| DannyboyO1 ( @ 2007-09-19 02:40:00 |
No major changes yet to the game model, I'm afraid. But I have gotten a few more levels, and bought the bigger armor... and can say a lot of my balance dissatisfaction has been with the advertised "flatter" power curve. As soon as I accepted that this is a total lie, I started figuring out how the system actually works.
Basically, as far as your ability to take damage goes, there's not a lot there. You have hp, determined by your stats, but since everything goes through armor first, and you have a few times the armor that you have health... it's not terribly important. Your armor points are based on your equipped armor. Simple enough. There are 2 restrictions on armor. 1) Your level must meet minimum requirements. 2) You must have 1 point placed in the relevant armor skill, mostly separated by class. Thus... it is your equipment that does the fighting, your character is just along for the XP to unlock the better gear. Well, mostly.
Levelling up and buying new gear is actually quite cost-effective, in terms of the upgraded damage and endurance, although gear acquired this way does lack any enchantment bonuses.
Now, to recap, it feels like the balance point is "I can kill something [my level +4] or less." That's a grotesque oversimplification, but, barring complications with boss mobs, it'll do.
This means the game is playable, with some detours to perform about every sidequest, so you can get the xp and level, to wear the gear that can fight the menace.
I hit level 10, which brought on this particular need to update. This grants permission to use the lowest set of modification recipes. It's not entirely clear from the tooltips how this works, and the tutorial is presently placeholder text.

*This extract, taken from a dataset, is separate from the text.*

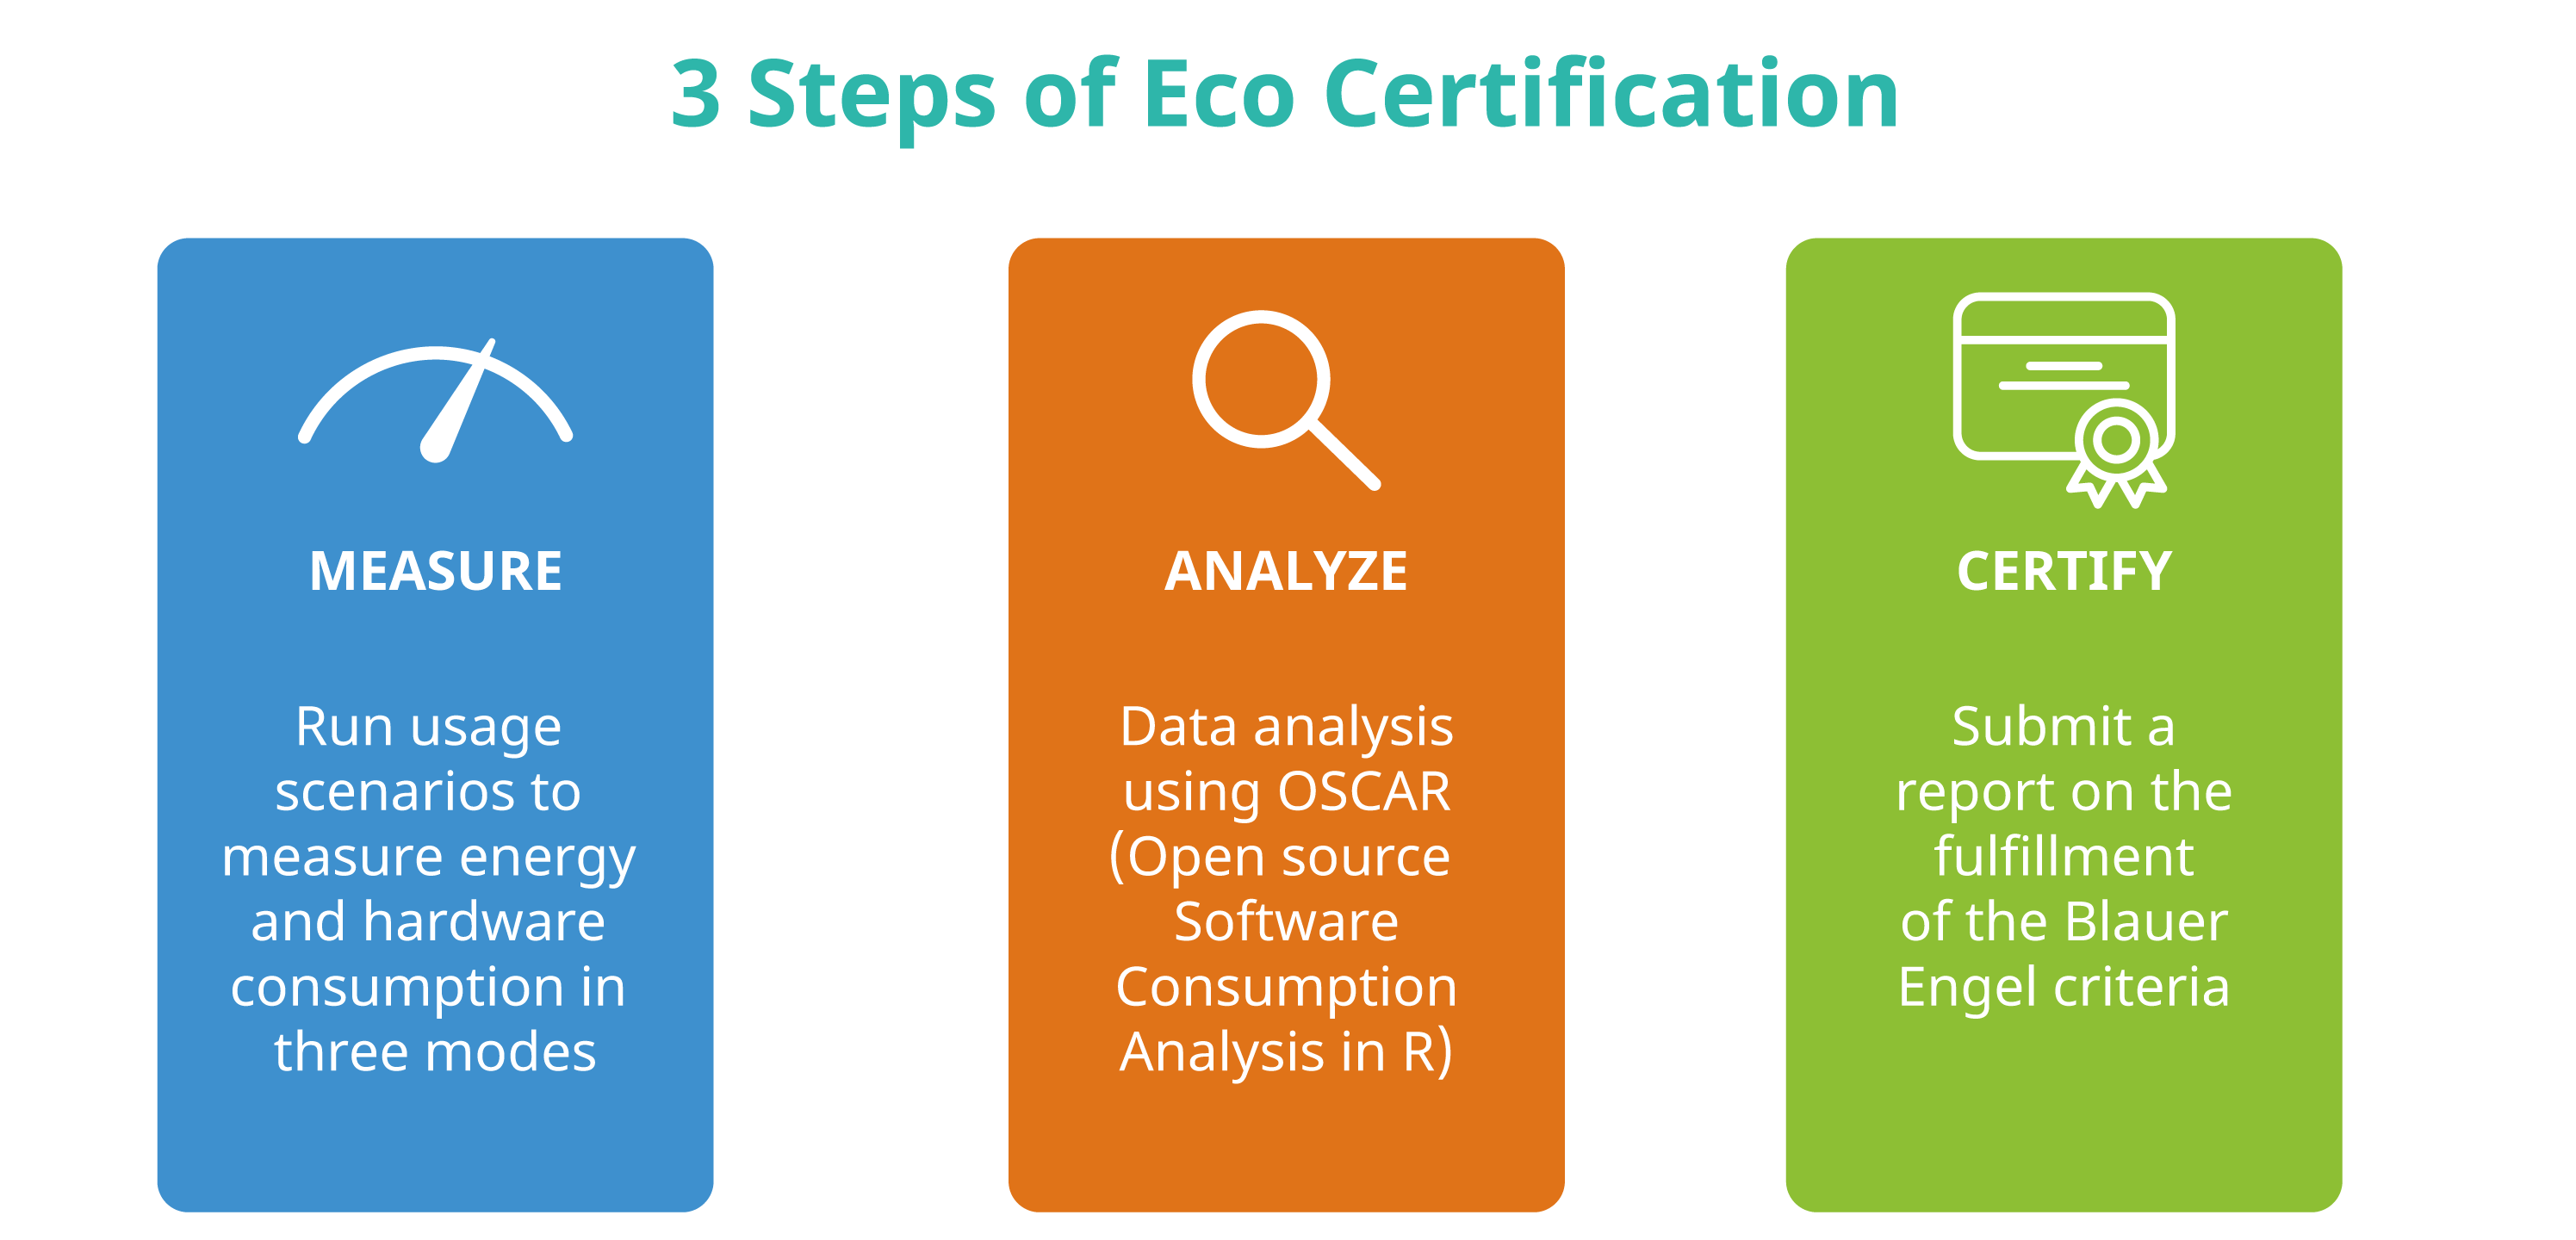 The three steps to eco-certification: 1. Measure, 2. Analyze, 3. Certify. (Image from KDE published under a <a href="https://creativecommons.org/licenses/by-sa/4.0/deed.en">CC BY-SA 4.0 International</a> license. <a href="https://thenounproject.com/icon/certificate-5461357/">Certificate</a> icon by Ongycon licensed under a <a href="https://spdx.org/licenses/CC-BY-3.0.html">CC-BY</a> license. Design by Lana Lutz.)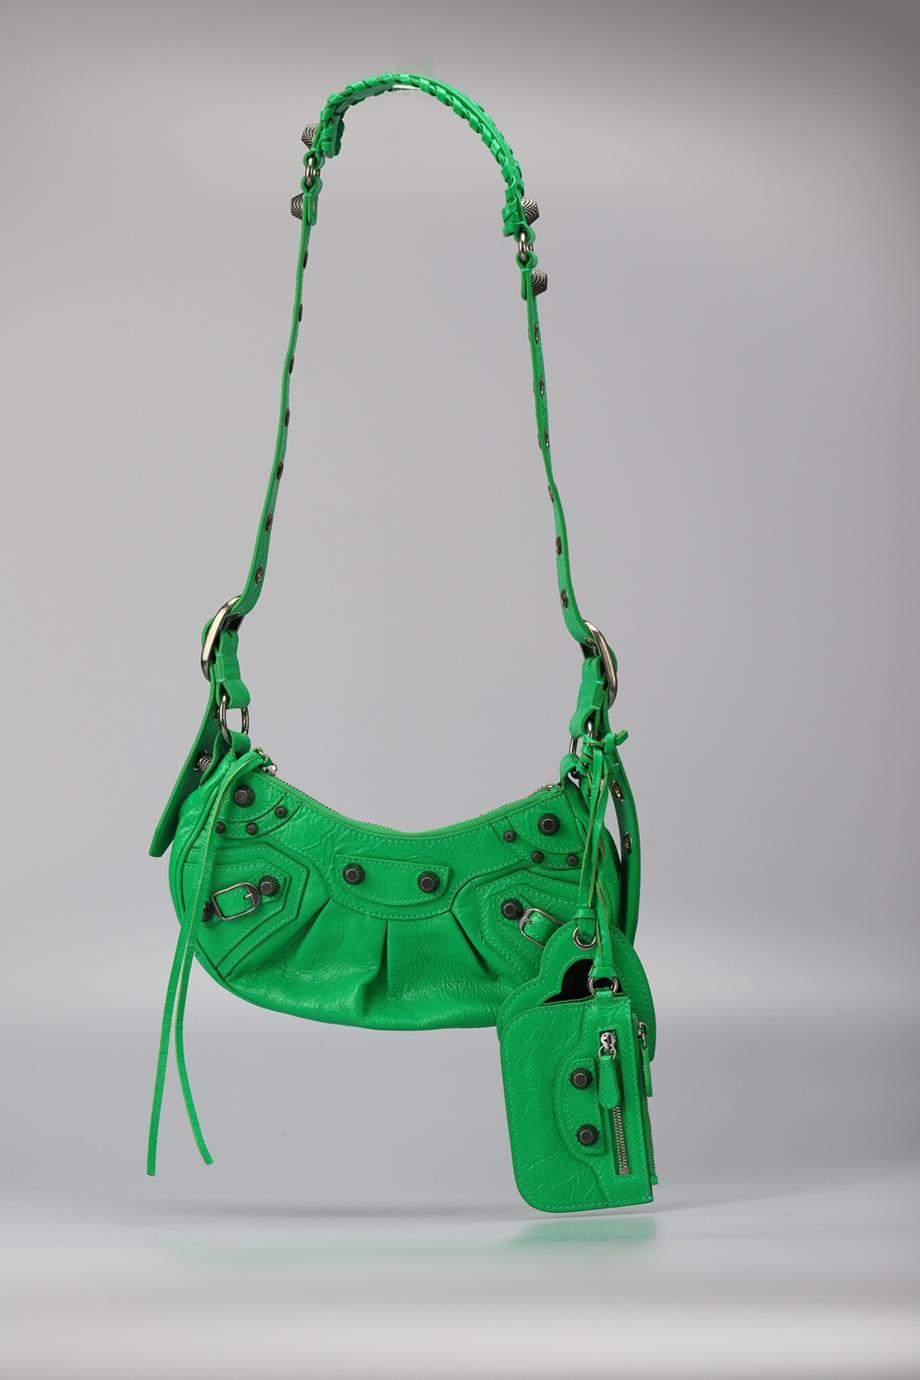 Balenciaga Le Cagole Xs Studded Crinkled Leather Shoulder Bag. Green. Zip fastening - Top. Does not come with - dustbag or box. Height: 5 In. Width: 9.5 In. Depth: 2.1 In. Strap drop: 15.3 In. Condition: Used. Very good condition - Worn once. No

But I've listened a lot on the general and global chatter. At first glance, it looks like a robust system, you get a modification recipe, it says what type of item and what the upper level bound it works at is... which, unfortunately, is also the level you can use it at, and it looks like they are in 5 lv groupings. This is silly, of course, and likely to be changed within the first year. It does state clearly that you can modify equipment ONCE. That's fine. The cost to beef them is more than purchasing a vanilla model at the shops anyway.
Except that you cannot *add* a bonus with this system.
It only modifies existing bonuses.
Granted, the improvement you get out of this is really quite nice. Took an armor regen bonus from +8% to twenty-something. That's one of the more useful bonuses you can get in this system. But this means that after 10 levels of collecting recipes, I could only use about 10% of them. I couldn't add functionality to any of my gear. I could only take 1 of up to 4 existing benefits and improve that... if it was the right type of gear. But it's such a nerf of what could be a fun system to work with, with the entirely sane "one-modification per item" limit.